--- Dataset content ---
• • • • • • •
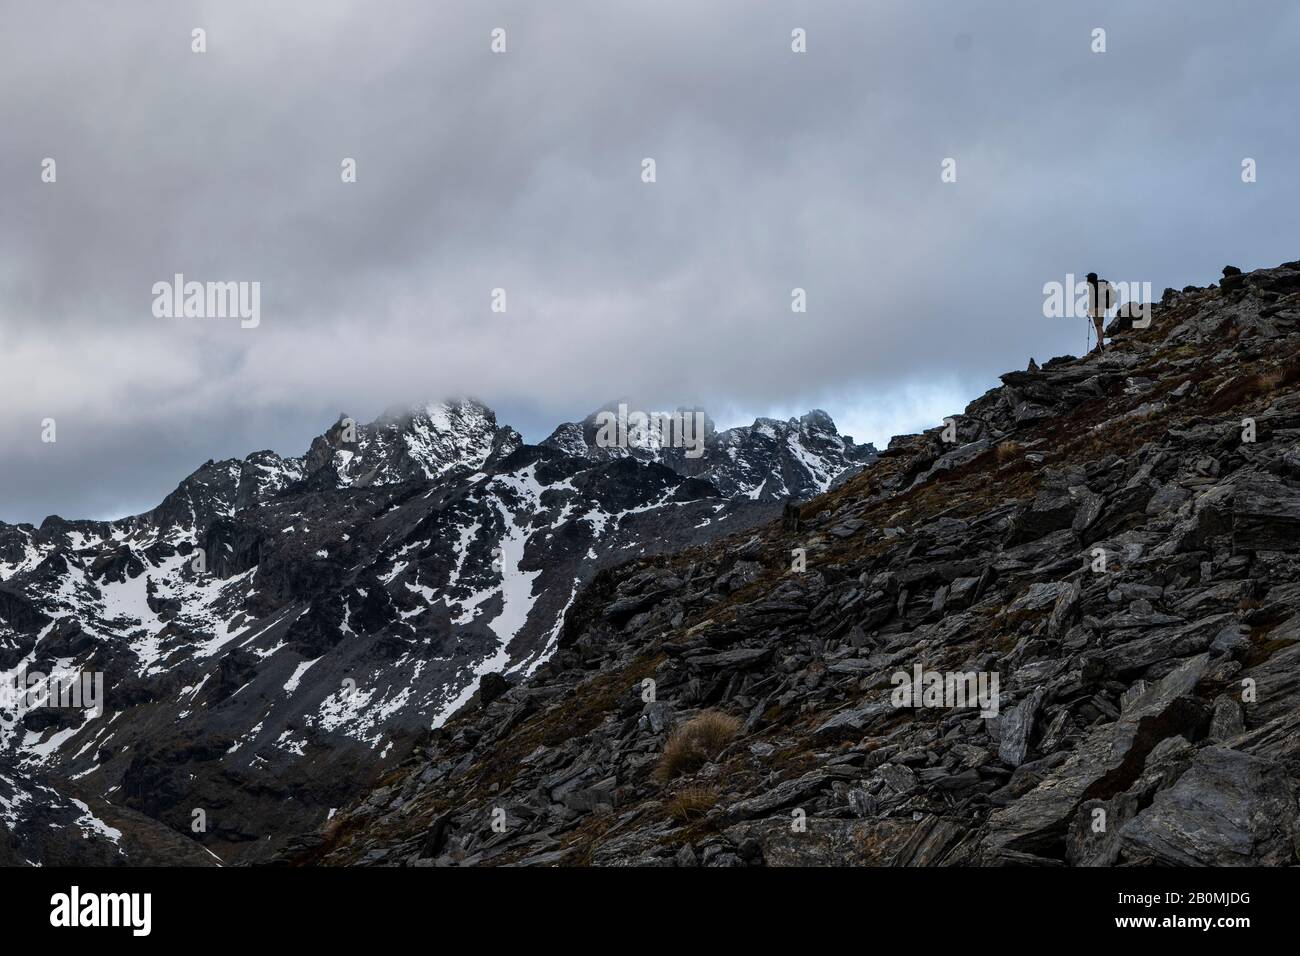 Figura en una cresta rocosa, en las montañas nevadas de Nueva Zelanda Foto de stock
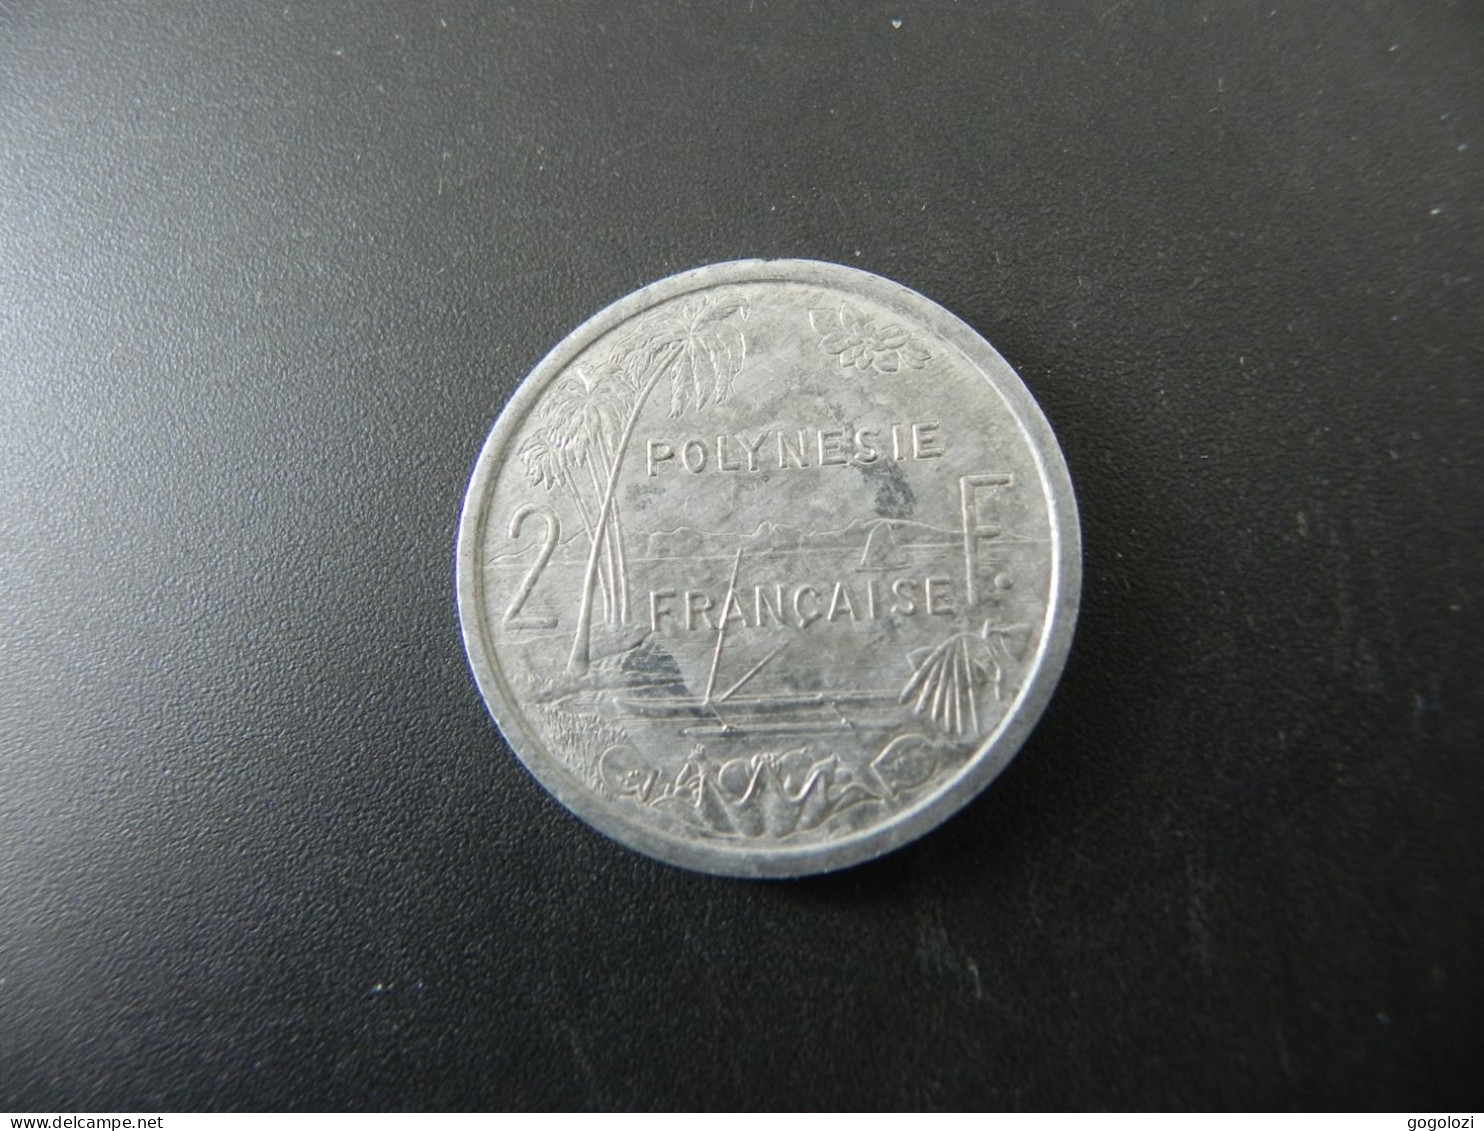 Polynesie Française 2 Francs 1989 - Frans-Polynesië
• • • • • • •
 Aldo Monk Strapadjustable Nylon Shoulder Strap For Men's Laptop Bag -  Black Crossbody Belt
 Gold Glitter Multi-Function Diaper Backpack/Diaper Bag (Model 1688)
• • • • • • •
An exact transcription is needed of the lines from the one with "Figura en una" to the one with "Polynesie Française 2" above, both ends included, with pictures left out.

--- Answer to the problem ---
 Figura en una cresta rocosa, en las montañas nevadas de Nueva Zelanda Foto de stock
 Polynesie Française 2 Francs 1989 - Frans-Polynesië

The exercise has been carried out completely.